Molecular Dynamics Simulations of $γ$-Belite(010)-Water Interfaces with High-Dimensional Neural Network Potentials

Belite – dicalcium silicate Ca$_2$SiO$_4$ – is a main constituent of low-carbon cement. In this work, we study several terminations of the (010) surface of $γ$-belite, its most stable polymorph, by molecular dynamics simulations. The energies and forces are provided by a high-dimensional neural network potential trained to density functional theory data. Water can interact in molecular form as well as dissociatively with the investigated interfaces, and the degree of dissociation is determined primarily by the protonation of SiO$_4$ groups accessible at the surface. A major part of the simultaneously formed hydroxide ions is adsorbed at surface calcium atoms, whose octahedral coordination spheres are completed by additional water molecules. The T3 termination, which is most stable in vacuum, shows only little reactivity in water. For the only slightly less stable T2 termination, however, two distinct types of surface defects are observed. The type I defect is even stable in vacuum and leads to a reconstruction of the entire surface, while the type II defect is only found in the presence of water. Overall, our results suggest that a variety of structures may be formed at the Ca$_2$SiO$_4$(010) surface, which are stabilized in the presence of water.

💡 Research Summary

This research presents a sophisticated molecular-level investigation into the interaction between $\gamma$-belite ($Ca_2SiO_4$), a critical component in the production of low-carbon cement, and water. Utilizing advanced computational techniques, the study employs Molecular Dynamics (MD) simulations powered by High-Dimensional Neural Network Potentials (HDNNP). These potentials, trained on high-fidelity Density Functional Theory (DFT) data, allow the researchers to bridge the gap between quantum mechanical accuracy and the large-scale temporal and spatial requirements of molecular dynamics, enabling the observation of complex interfacial phenomena that were previously computationally inaccessible.

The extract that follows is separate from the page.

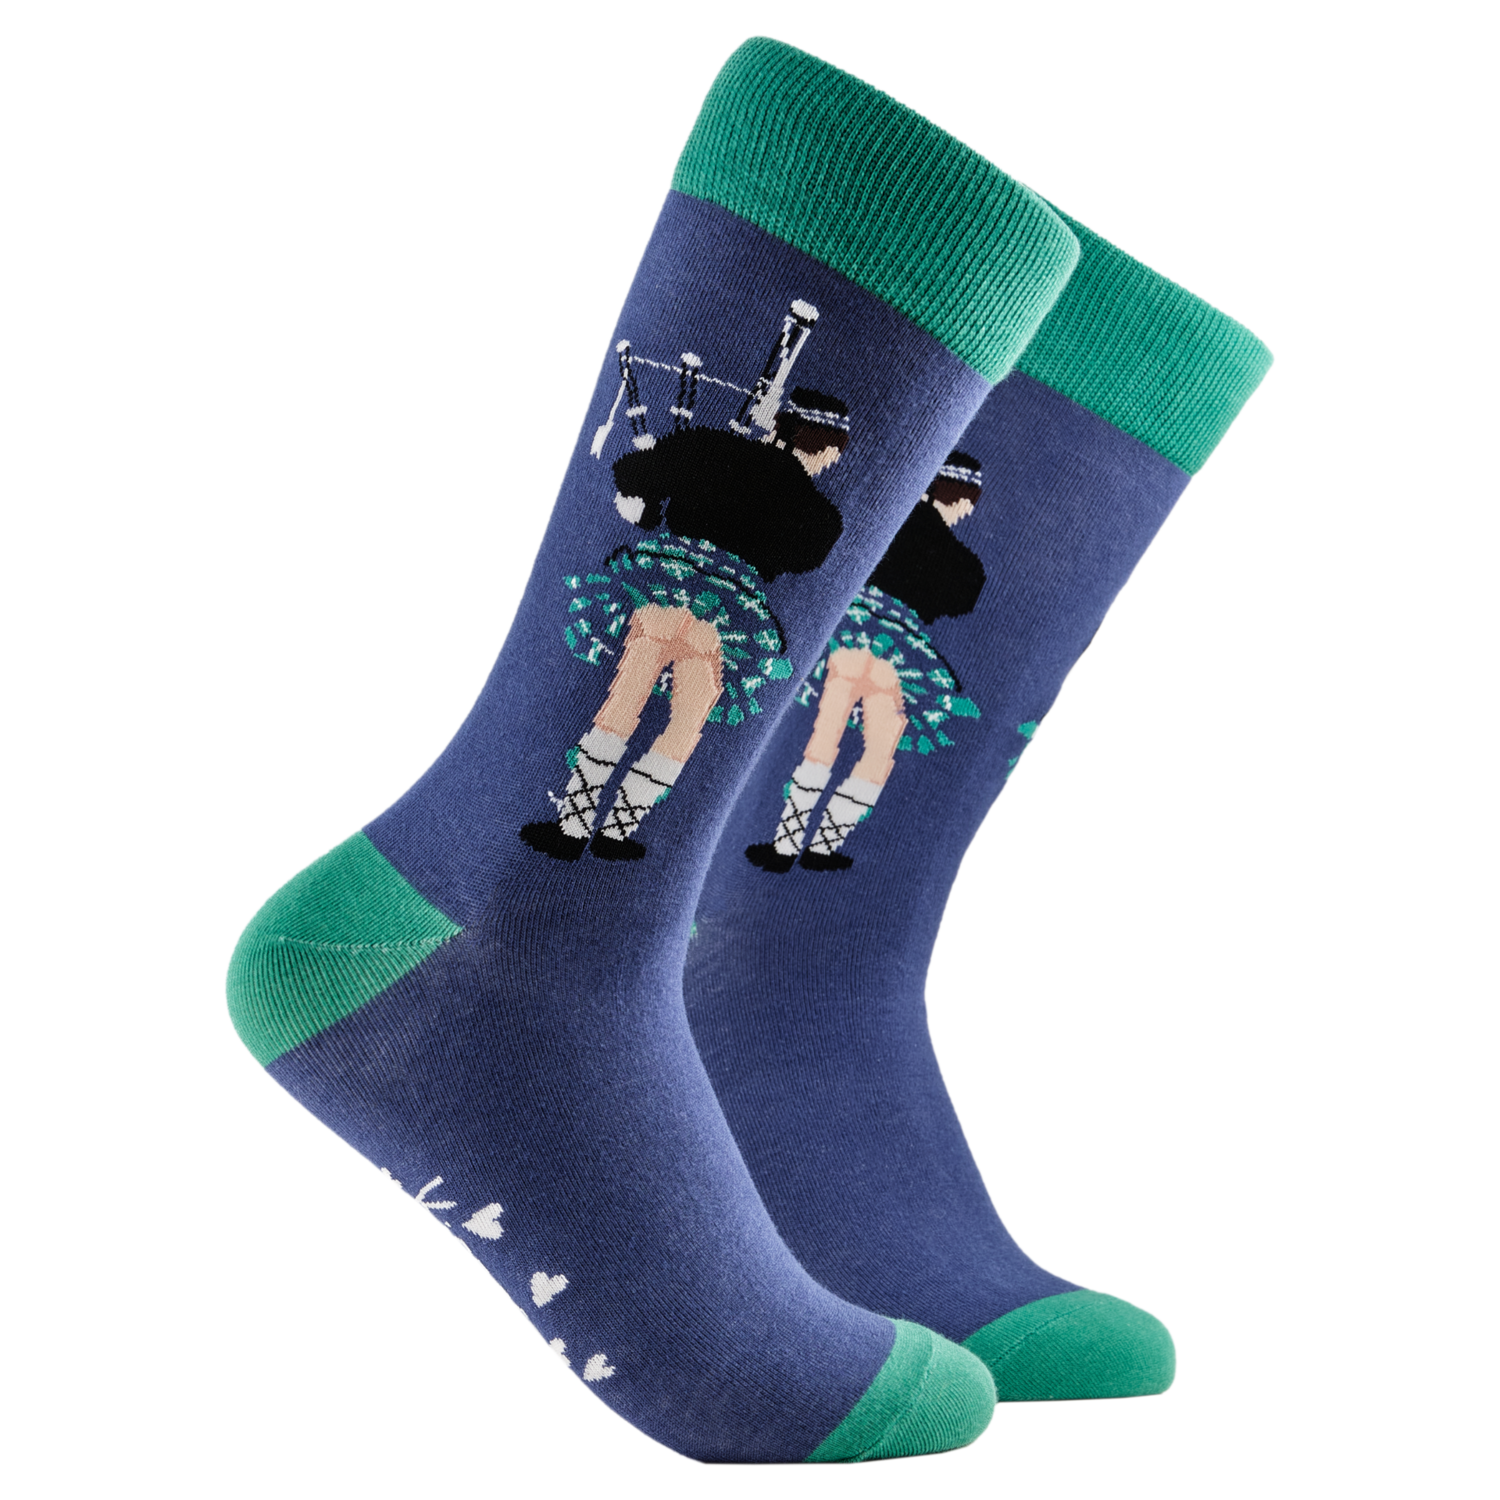 Soctopus Scottish Piper Kilt Bum Socks Soft Cotton Blend Uk Size 4 to 8 Gift From Scotland

The study focuses on the (010) surface of the most stable $\gamma$-belite polymorph, examining various surface terminations. A primary discovery is the mechanism of water dissociation at the interface. The researchers found that the degree of dissociation is primarily driven by the protonation of $SiO_4$ groups that are accessible at the surface. As water molecules dissociate, the resulting hydroxide ions ($OH^-$) adsorb onto surface calcium atoms, effectively completing their octahedral coordination spheres alongside additional water molecules. This provides a fundamental atomistic understanding of how the chemical environment of the surface changes during the initial stages of hydration.

A detailed comparison of different surface terminations, specifically T2 and T3, revealed distinct chemical and structural behaviors. The T3 termination, which is the most stable in a vacuum, exhibits minimal reactivity when in contact with water, maintaining its structural integrity. In contrast, the slightly less stable T2 termination demonstrates significant structural complexity and sensitivity to the environment. The study identifies two specific types of surface defects in the T2 termination: Type I defects, which are stable even in vacuum and trigger a large-scale reconstruction of the entire surface, and Type II defects, which are uniquely induced by the presence of water.

Ultimately, the findings demonstrate that the presence of water is a fundamental driver in stabilizing a variety of complex and diverse structures at the $Ca_2SiO_4(010)$ surface. By elucidating the atomistic details of how water interacts with and alters the belite surface through dissociation and adsorption, this work provides essential insights into the fundamental processes of cement hydration. This knowledge is crucial for the future development of sustainable, low-carbon construction materials, as it enables more precise control over the chemical and structural evolution of cementitious-water interfaces, paving the way for next-generation cement chemistry.